Я вошел в редколлегию "Нашего сотрапезника" еще при даровитом и милом Борисе Зубилове, здесь царила чистая и сердечная атмосфера, но журнал не мог обрести своего лица. Задуман он был как приют малой прозы, а по объему стоял между тонким и толстым журналом. Объемом лими- тировался отбор: приходилось отказываться от хороших вещей, если они не вмещались в малое пространство. Держать высокий уровень только на чистой новеллистике не удавалось, приходилось хвататься за повести, но критерием служило не столько качество, сколько "вмещаемость". В результате "Наш сотрапезник" выглядел недоноском толстого журнала.
Зубилов, не защищенный ни литературной группировкой, ни покровительством руководителей Союза писателей - эти лепилы толстых сырых кирпичей рассказов писать не уме ли, - конечно, лишился редакторского места. Назначили - довольно неожиданно - поэта Егора Дикулова. Он был из числа тогда еще полуподпольных квасных патриотов. Косог-лавый лысый поэт, в отличие от Бориса Зубилова, не отличался ни дарованием, ни симпатичностью, тем не менее в короткий срок вывел журнал в первачи. "Наш сотрапезник" подравняли по объему с толстыми журналами, он получил возможность печатать большие повести и даже романы с продолжением. Приоритетом пользовалась деревенская тематика. Журнал этот породило само время. Русская деревня погибала на глазах. Из всплеска боли по ней родилась великолепная проза семидесятых, для которой "Наш сотрапезник" стал родным домом. Умный и гибкий редактор, Дикулов не отказывался от хорошей прозы и на другие темы, что избавляло журнал от зашоренности. И непременно в каждом номере было два-три хороших рассказа.

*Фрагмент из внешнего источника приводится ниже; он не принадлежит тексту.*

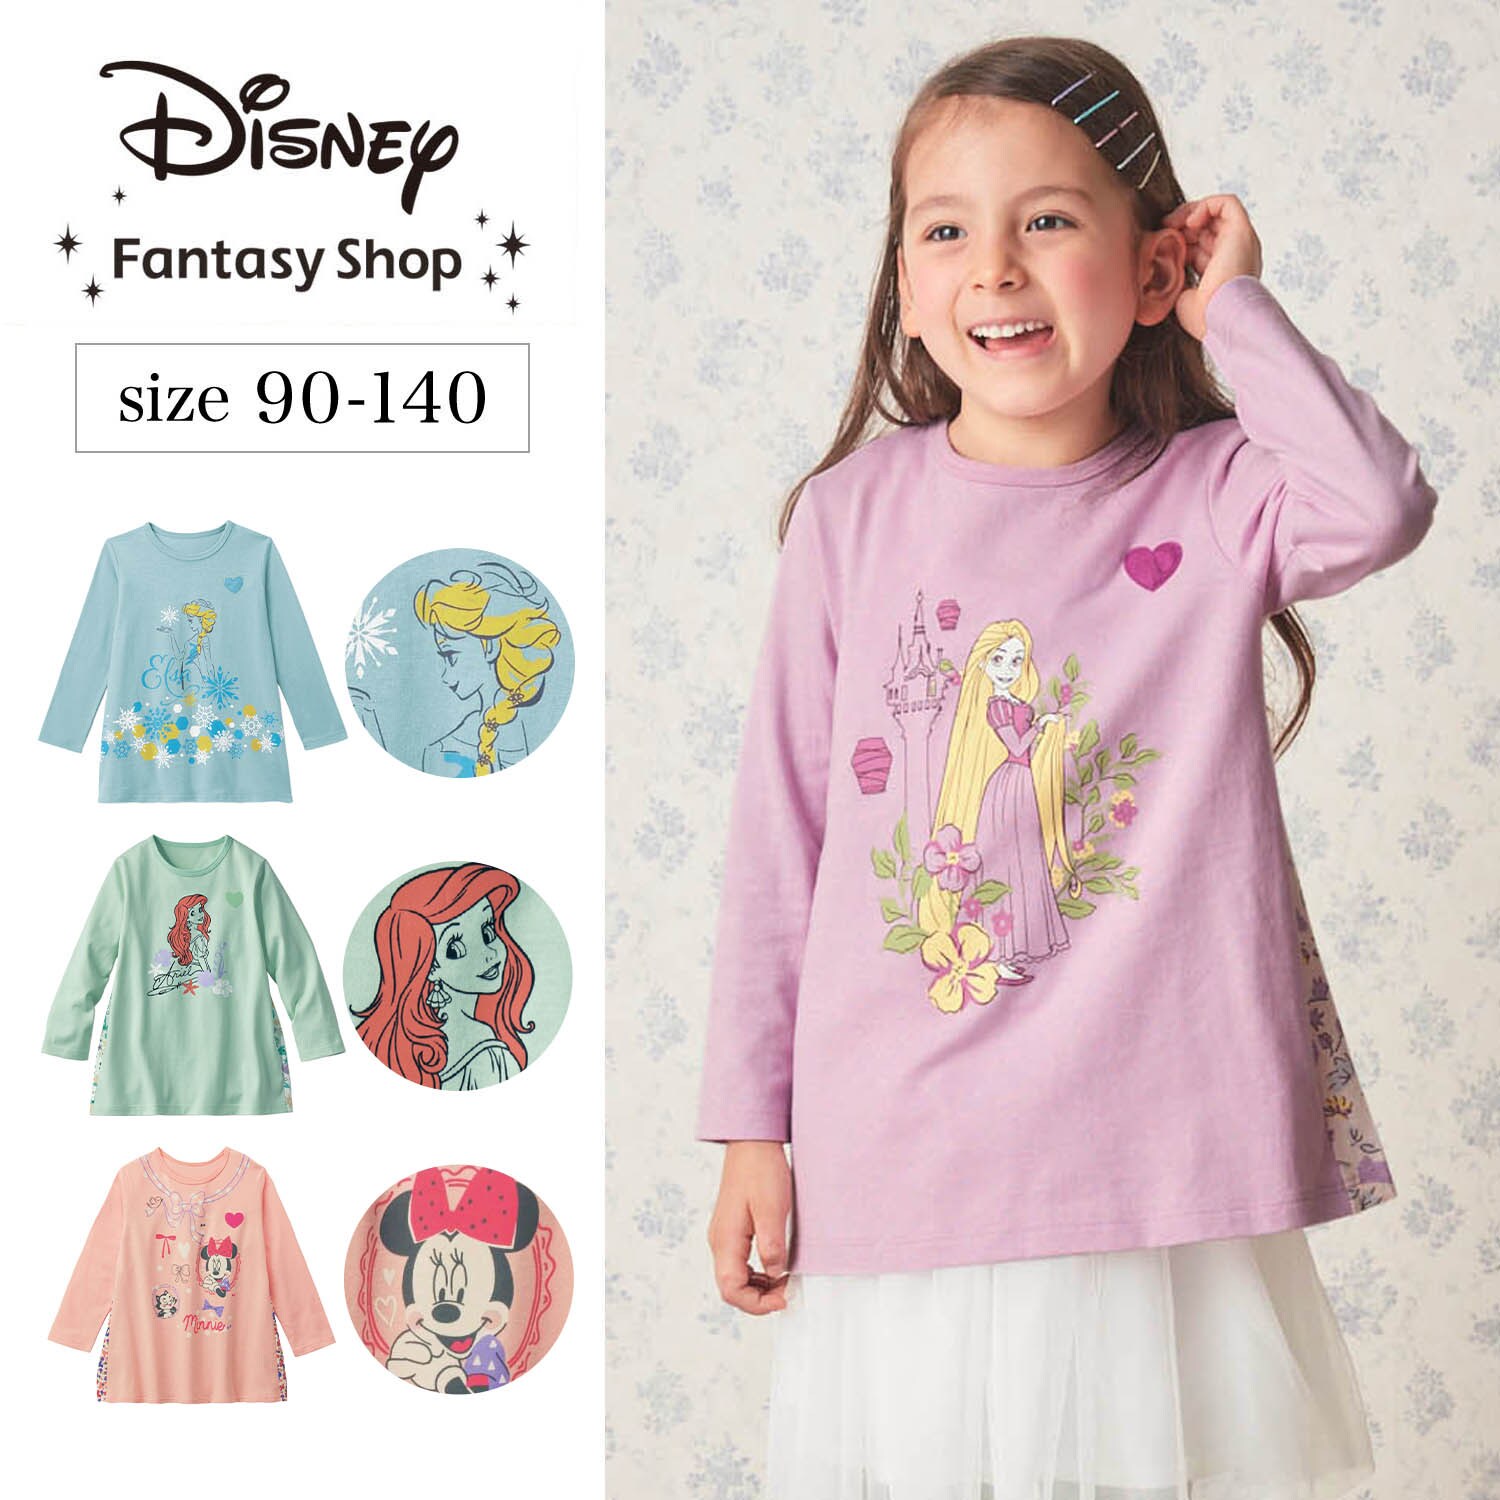 【ディズニー/Disney】名札ココ 後ろ姿がかわいい長袖切替えプルオーバー (選べるキャラクター)

В редакции царил истинно русский дух. "Здесь русский дух, здесь Русью пахнет" - это о "Нашем сотрапезнике", и дух этот был вполне материален.
Как пленительно воняло на долгих наших редколлегиях, в конце которых появлялись бутерброды и, словно контрабандой, бутылка-другая водки. Главный редактор как бы не замечал наших подстольных манипуляций с бутылкой из сочувствия к приезжим членам редколлегии, сильно промерзшим в дороге. Подразумевалось, что они добирались до столицы из своих медвежьих углов Вологды, Курска, Иркутска - на перекладных или на розвальнях по санному пути, а не поездом или самолетом. Эти странники нуждались в угреве, даже если являлись на редколлегию цветущим маем, теплым бабьим летом. Бедолаги всегда казались замерзшими, красные носы сочились, они потирали руки и охлопывали по-ямщицки бока крест-накрест.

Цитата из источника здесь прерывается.